• What is needed
The lines from the start of the records below through the line containing "Gadbadjhala Market in" are to be copied exactly, both ends included, with nothing added.

• Provided data
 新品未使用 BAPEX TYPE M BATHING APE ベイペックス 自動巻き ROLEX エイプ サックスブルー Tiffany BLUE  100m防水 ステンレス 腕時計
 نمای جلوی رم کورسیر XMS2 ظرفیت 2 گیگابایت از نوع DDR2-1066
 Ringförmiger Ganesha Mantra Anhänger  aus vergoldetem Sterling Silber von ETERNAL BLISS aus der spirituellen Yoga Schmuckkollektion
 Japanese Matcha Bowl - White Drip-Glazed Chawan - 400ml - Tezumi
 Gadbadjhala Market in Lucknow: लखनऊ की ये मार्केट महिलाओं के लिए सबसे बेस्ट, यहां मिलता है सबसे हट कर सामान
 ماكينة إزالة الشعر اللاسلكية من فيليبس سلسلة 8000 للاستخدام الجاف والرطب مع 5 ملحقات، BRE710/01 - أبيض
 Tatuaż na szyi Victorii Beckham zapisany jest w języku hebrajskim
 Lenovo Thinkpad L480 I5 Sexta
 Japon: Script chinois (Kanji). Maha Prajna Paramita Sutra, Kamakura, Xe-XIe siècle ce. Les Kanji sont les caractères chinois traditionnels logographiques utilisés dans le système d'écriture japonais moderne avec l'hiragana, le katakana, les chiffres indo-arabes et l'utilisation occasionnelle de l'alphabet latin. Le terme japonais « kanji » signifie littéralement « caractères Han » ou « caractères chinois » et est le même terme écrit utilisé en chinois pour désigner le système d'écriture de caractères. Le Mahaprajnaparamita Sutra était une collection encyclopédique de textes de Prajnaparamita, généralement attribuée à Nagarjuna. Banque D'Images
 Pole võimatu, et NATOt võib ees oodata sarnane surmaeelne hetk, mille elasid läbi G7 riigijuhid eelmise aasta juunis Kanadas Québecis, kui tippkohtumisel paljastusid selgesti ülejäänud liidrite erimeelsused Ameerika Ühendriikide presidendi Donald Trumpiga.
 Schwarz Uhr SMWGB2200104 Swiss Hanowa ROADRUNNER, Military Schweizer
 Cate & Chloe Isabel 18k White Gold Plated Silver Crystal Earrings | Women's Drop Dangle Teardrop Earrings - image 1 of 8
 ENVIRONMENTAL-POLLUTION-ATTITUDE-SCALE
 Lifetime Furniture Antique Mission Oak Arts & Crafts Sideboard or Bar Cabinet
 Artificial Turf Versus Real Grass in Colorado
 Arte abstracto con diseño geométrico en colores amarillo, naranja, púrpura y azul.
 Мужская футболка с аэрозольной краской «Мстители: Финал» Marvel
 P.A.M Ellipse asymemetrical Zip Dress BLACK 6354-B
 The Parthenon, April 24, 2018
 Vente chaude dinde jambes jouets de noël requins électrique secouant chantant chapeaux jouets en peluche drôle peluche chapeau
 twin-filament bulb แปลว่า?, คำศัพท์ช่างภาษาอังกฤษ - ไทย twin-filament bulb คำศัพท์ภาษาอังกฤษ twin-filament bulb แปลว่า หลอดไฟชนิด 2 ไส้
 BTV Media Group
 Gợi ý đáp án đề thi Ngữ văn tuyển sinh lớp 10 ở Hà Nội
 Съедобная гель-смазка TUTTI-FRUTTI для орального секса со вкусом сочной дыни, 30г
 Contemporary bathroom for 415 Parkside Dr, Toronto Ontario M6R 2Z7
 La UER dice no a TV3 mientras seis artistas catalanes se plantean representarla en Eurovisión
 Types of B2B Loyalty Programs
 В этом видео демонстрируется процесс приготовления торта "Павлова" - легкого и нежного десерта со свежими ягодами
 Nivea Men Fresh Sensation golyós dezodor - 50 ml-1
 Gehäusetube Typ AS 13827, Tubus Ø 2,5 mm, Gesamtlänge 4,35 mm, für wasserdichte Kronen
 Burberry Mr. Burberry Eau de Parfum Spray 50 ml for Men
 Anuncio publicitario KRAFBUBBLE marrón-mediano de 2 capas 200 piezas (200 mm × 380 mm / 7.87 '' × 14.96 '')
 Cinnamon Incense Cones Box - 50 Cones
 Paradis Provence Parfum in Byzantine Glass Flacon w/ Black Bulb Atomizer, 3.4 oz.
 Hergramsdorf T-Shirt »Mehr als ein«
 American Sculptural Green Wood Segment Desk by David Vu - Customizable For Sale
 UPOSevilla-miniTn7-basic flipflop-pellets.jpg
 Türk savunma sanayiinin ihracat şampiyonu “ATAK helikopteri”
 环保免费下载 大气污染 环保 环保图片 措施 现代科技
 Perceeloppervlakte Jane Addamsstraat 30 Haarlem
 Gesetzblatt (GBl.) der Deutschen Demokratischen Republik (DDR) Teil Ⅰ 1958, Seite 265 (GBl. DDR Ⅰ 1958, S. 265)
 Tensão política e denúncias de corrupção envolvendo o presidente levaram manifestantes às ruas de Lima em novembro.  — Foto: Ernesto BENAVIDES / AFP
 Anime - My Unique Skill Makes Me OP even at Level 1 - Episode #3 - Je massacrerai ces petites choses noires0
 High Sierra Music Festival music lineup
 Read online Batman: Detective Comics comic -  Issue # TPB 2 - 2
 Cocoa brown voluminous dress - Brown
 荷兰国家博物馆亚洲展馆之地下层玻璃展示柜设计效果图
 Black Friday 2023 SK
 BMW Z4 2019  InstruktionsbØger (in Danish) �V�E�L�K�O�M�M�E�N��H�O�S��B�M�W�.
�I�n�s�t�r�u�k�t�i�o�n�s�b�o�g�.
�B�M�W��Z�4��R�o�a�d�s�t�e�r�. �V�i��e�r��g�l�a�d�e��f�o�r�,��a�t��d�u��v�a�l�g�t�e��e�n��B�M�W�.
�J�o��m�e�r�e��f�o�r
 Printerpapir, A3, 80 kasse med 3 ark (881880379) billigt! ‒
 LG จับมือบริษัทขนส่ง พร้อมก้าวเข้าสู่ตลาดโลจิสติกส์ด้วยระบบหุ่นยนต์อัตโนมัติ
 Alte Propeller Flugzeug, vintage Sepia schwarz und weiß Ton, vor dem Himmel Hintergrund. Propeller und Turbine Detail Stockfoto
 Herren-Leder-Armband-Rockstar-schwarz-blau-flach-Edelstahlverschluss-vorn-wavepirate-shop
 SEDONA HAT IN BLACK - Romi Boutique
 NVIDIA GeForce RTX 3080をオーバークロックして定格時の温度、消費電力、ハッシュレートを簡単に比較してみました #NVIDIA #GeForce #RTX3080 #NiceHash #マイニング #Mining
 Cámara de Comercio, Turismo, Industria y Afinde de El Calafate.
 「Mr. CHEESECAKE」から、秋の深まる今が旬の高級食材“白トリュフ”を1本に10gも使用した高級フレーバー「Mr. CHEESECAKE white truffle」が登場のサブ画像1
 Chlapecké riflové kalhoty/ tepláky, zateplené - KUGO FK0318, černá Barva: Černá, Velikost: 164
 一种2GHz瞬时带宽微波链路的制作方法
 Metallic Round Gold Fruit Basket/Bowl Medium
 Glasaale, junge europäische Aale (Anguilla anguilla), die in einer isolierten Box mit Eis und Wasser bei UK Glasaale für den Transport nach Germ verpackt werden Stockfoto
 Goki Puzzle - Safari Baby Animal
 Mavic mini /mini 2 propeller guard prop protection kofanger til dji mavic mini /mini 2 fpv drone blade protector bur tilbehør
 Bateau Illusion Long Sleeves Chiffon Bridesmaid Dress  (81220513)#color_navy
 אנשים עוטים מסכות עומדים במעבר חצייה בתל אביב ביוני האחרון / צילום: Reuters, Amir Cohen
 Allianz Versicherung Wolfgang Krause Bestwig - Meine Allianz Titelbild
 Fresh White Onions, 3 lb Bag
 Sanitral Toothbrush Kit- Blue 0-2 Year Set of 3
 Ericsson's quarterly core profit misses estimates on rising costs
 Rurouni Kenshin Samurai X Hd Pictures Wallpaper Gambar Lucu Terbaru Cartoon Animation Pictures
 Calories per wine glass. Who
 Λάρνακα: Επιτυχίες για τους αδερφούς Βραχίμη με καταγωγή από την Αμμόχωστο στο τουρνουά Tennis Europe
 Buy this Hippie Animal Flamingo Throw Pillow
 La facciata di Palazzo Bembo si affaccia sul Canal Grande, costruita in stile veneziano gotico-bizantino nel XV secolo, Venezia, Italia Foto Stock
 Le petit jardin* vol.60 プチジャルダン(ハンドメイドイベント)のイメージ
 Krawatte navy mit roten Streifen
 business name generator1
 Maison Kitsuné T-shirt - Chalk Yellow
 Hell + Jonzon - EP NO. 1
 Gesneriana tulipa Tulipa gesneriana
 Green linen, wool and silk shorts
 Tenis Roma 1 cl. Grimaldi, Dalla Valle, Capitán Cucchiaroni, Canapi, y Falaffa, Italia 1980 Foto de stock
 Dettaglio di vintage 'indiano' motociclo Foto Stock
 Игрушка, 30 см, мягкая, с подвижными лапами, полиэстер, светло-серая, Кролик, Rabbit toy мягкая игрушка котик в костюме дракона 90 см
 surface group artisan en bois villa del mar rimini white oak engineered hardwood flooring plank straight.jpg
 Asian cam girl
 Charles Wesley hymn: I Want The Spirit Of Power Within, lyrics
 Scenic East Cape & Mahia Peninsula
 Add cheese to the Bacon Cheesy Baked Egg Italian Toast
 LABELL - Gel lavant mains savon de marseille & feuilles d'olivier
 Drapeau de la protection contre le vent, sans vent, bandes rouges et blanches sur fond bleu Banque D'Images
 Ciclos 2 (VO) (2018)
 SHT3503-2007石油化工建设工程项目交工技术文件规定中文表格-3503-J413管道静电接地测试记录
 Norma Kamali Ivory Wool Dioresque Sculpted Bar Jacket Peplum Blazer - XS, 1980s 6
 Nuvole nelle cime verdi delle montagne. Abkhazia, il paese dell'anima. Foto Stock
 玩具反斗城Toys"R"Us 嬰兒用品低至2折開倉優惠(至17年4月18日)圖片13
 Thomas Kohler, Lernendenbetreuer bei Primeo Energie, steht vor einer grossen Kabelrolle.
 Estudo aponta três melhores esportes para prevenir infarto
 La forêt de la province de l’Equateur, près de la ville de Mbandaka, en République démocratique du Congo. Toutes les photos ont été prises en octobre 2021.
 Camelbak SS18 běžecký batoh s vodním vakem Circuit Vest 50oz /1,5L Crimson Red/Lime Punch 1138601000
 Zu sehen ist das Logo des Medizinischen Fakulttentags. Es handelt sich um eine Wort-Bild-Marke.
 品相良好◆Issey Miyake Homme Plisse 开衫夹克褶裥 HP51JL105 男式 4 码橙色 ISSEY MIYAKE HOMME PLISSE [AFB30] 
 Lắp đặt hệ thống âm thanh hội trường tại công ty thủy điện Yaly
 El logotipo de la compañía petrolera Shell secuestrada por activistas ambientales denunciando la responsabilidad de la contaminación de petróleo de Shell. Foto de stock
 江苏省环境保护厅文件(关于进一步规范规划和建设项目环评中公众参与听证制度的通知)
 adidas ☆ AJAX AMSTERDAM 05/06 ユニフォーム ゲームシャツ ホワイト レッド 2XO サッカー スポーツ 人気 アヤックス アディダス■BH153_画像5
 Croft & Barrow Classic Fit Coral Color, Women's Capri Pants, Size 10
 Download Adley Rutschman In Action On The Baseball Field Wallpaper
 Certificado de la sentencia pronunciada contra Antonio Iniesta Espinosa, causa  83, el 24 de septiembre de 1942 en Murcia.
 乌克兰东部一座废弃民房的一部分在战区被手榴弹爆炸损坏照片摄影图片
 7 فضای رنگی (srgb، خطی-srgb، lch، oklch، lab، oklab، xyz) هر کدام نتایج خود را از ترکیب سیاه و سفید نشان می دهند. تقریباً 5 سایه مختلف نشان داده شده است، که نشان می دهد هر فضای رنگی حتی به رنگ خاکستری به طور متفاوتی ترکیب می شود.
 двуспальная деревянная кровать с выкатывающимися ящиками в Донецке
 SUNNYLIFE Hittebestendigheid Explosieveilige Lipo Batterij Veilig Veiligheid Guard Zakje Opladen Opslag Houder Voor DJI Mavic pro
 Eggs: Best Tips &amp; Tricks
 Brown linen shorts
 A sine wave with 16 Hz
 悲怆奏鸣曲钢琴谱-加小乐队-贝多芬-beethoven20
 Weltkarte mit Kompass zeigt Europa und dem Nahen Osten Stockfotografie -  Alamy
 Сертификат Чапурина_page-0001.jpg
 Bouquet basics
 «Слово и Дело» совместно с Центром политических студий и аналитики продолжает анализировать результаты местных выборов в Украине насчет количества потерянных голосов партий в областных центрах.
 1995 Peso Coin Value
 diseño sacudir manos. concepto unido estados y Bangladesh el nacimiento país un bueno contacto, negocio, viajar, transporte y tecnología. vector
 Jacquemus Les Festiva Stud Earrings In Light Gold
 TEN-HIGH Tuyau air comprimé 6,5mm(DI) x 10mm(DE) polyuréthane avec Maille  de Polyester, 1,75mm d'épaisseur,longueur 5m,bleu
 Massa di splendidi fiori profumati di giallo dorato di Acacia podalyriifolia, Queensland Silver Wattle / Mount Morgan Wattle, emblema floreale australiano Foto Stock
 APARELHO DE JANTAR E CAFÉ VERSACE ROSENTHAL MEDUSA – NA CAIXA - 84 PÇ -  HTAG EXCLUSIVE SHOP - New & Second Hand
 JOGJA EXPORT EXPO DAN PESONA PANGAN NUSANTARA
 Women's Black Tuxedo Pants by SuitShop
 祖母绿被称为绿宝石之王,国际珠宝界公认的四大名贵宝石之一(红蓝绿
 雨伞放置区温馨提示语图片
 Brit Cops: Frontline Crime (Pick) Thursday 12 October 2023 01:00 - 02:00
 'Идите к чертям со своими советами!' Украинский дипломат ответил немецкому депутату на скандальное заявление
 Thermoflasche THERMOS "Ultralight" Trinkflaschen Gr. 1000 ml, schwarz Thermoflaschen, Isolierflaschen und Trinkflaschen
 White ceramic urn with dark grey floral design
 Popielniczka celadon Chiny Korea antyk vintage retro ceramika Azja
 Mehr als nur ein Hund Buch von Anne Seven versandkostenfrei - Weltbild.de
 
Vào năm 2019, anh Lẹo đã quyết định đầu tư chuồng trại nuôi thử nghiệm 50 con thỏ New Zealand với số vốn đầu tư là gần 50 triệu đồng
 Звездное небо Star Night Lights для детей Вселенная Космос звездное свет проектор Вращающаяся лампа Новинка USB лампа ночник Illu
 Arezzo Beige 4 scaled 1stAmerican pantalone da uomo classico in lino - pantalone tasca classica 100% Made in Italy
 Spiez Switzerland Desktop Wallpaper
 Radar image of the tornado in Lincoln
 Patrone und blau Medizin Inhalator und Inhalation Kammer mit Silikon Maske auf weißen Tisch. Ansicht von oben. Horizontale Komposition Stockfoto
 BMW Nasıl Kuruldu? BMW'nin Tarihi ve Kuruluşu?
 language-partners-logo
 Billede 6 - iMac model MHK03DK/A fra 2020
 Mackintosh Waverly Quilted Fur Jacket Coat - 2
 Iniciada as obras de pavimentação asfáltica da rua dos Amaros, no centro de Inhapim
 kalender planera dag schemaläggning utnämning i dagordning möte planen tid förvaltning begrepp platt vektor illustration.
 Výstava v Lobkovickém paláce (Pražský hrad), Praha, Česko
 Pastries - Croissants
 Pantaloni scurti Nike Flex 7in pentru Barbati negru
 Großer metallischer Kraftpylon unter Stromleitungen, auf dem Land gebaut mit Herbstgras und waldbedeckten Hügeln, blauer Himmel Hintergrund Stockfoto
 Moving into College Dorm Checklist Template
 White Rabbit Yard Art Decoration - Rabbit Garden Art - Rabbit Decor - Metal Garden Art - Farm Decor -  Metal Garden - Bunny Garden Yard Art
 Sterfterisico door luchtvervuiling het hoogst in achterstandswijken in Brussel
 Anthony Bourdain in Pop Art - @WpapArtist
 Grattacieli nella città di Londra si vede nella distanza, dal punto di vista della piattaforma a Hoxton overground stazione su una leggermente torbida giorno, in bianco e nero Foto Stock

• Solved problem
 新品未使用 BAPEX TYPE M BATHING APE ベイペックス 自動巻き ROLEX エイプ サックスブルー Tiffany BLUE  100m防水 ステンレス 腕時計
 نمای جلوی رم کورسیر XMS2 ظرفیت 2 گیگابایت از نوع DDR2-1066
 Ringförmiger Ganesha Mantra Anhänger  aus vergoldetem Sterling Silber von ETERNAL BLISS aus der spirituellen Yoga Schmuckkollektion
 Japanese Matcha Bowl - White Drip-Glazed Chawan - 400ml - Tezumi
 Gadbadjhala Market in Lucknow: लखनऊ की ये मार्केट महिलाओं के लिए सबसे बेस्ट, यहां मिलता है सबसे हट कर सामान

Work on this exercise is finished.